Awww… today had one of those moments where I love being a teacher. Sixth former turned up to my lesson looking like a wreck, and I asked if she wanted to talk about it. She went out to try and pull herself together and then asked to speak to me; I asked whether it was a school-related issue or of a more personal nature.

“Personal. I wondered if you could help me? I know you’ll not be judgemental.” Into the art storage cupboard of privacy we went, where she outs herself, and tells me that her ex is being super controlling and shitty towards her, and she wondered what best to do.

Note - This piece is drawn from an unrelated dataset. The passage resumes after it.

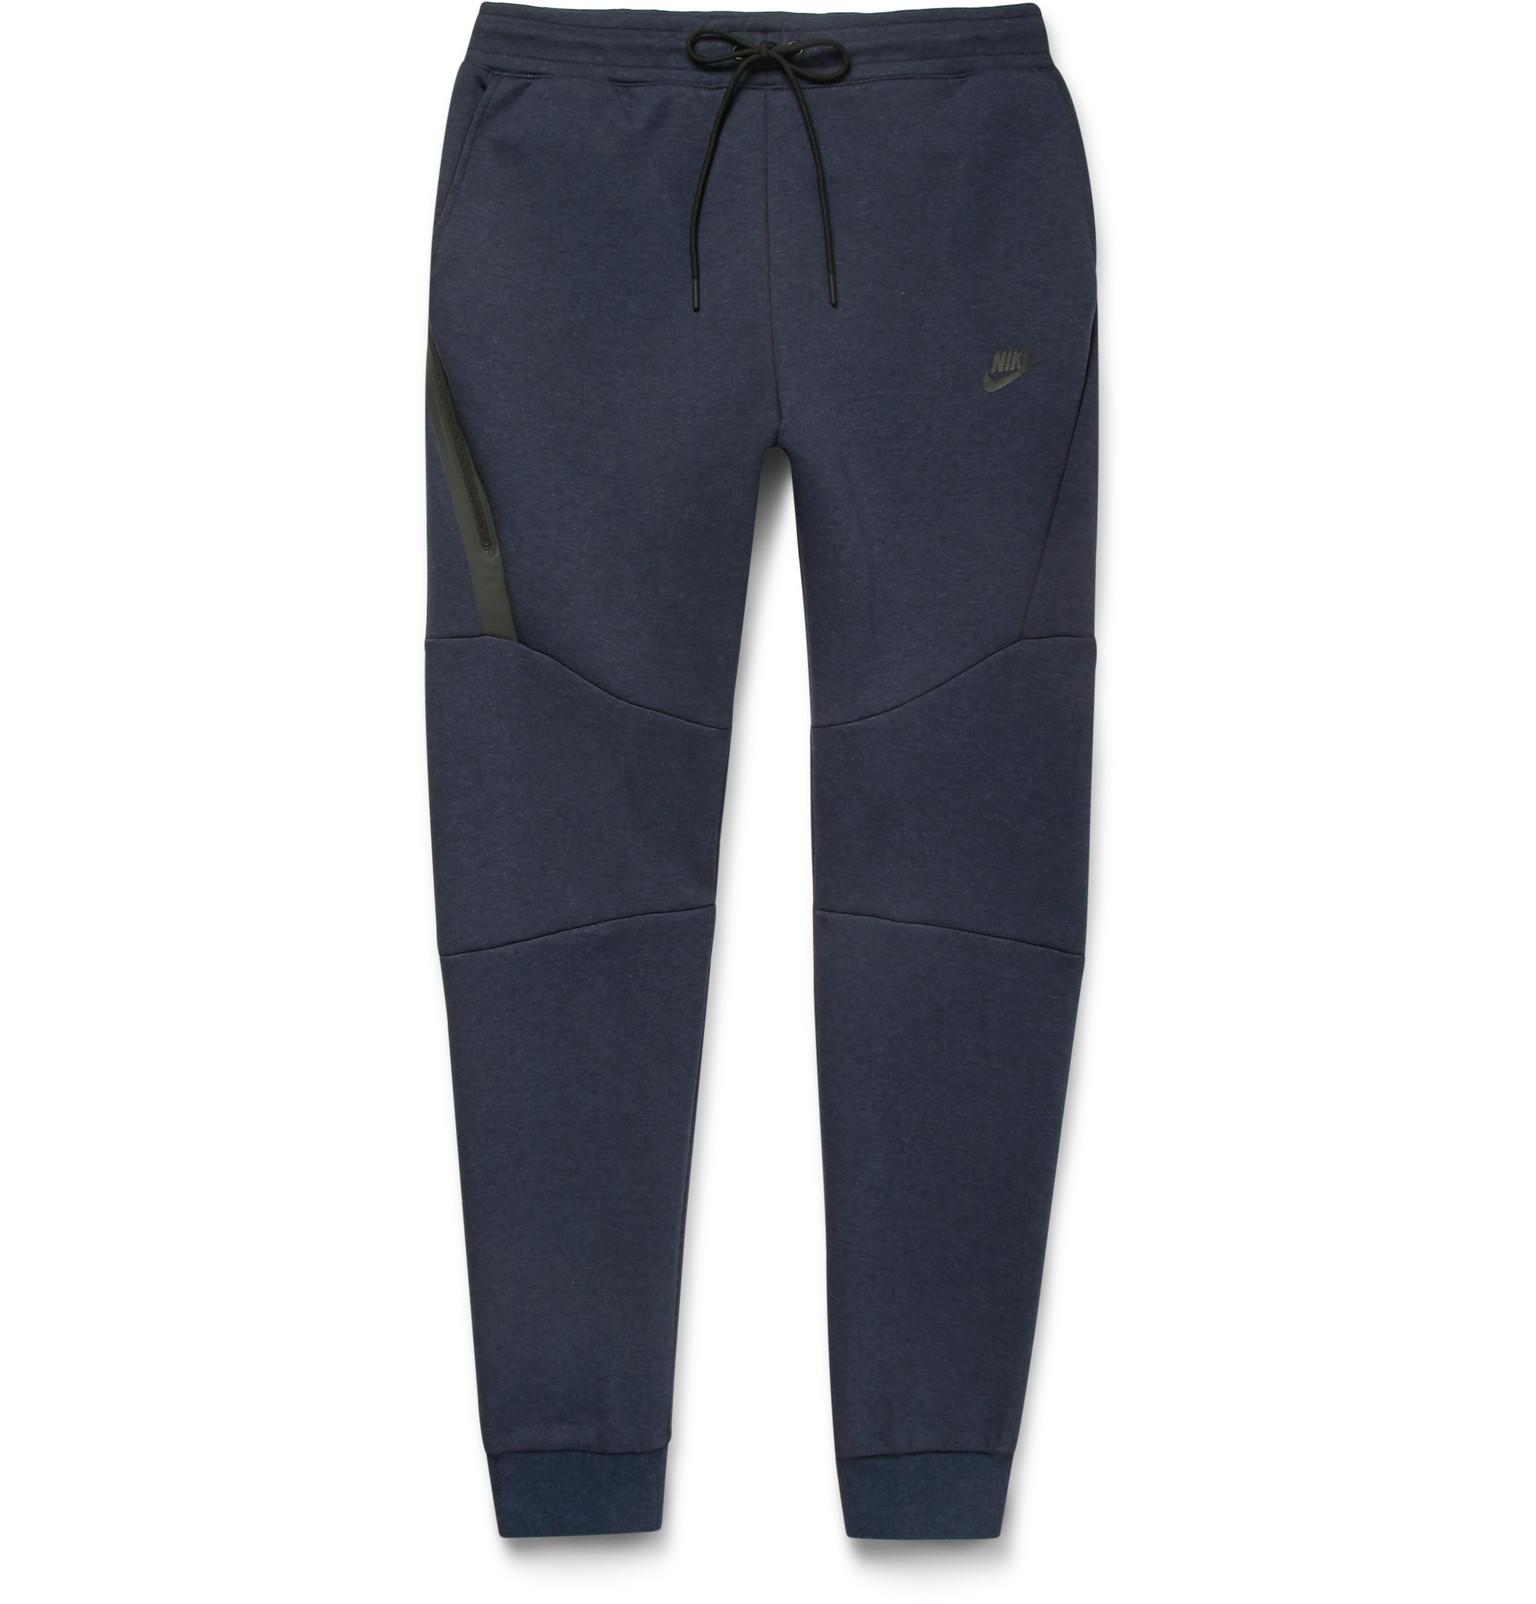 Lyst - Nike Tapered Cotton-blend Tech Fleece Sweatpants in Blue for Men
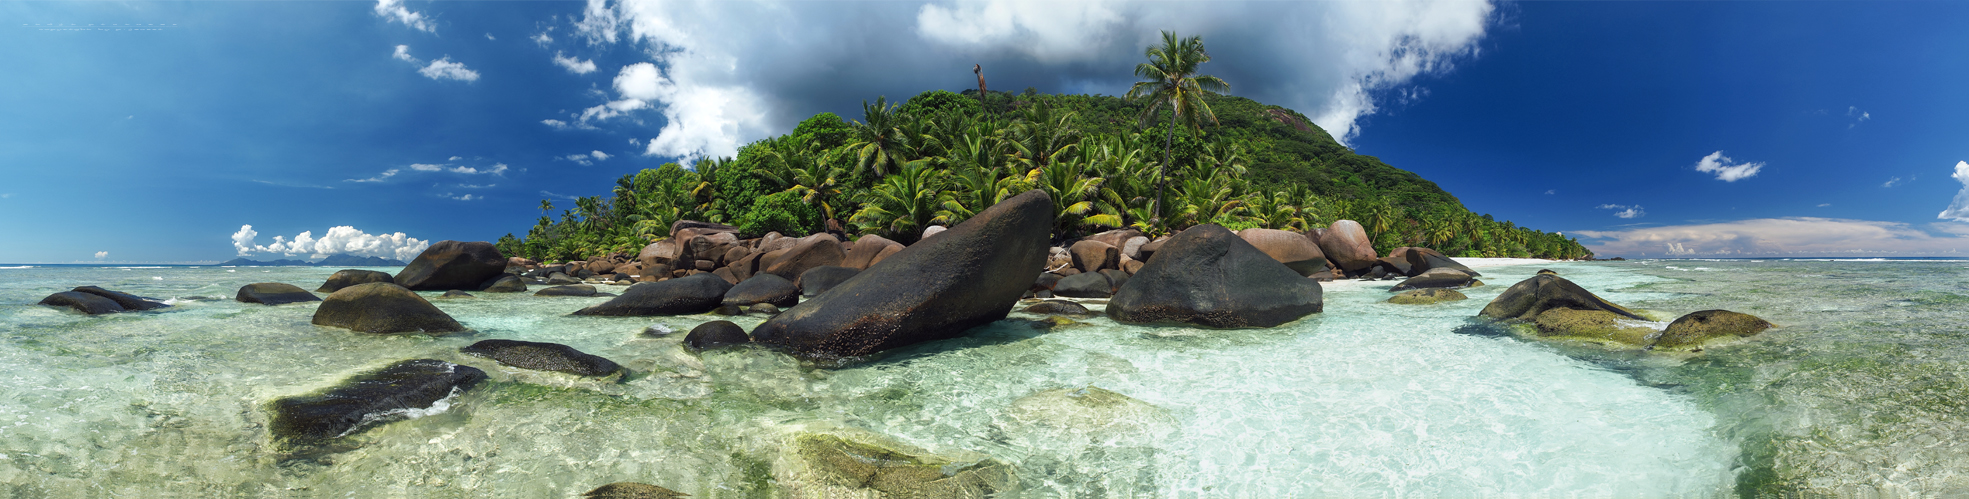 Silhouette Island - Seychelles 2015

I have her a pep talk about how much value she had, and how anyone who doesn’t see that is not worth her time nor tears, and asked her to go away and think about what she wanted to do. I told her I thought her ex sounded like someone she should stay away from, who was possibly abusive, and she should consider involving school if things continue.

Thanks to the Wellbeing course, I explained how she’s not responsible for her ex, nor anyone else; she can only control her own thoughts and behaviour, and should not worry about other people. Be strong!

She seemed to take comfort from all of this, listening and clearly thinking about what I was saying. I get a lot of satisfaction out of helping my kids with both their school and personal troubles – though I can’t fix the world – and I felt privileged that she felt I was someone she could seek advice from.

“Thank you Miss…” means a lot in such situations.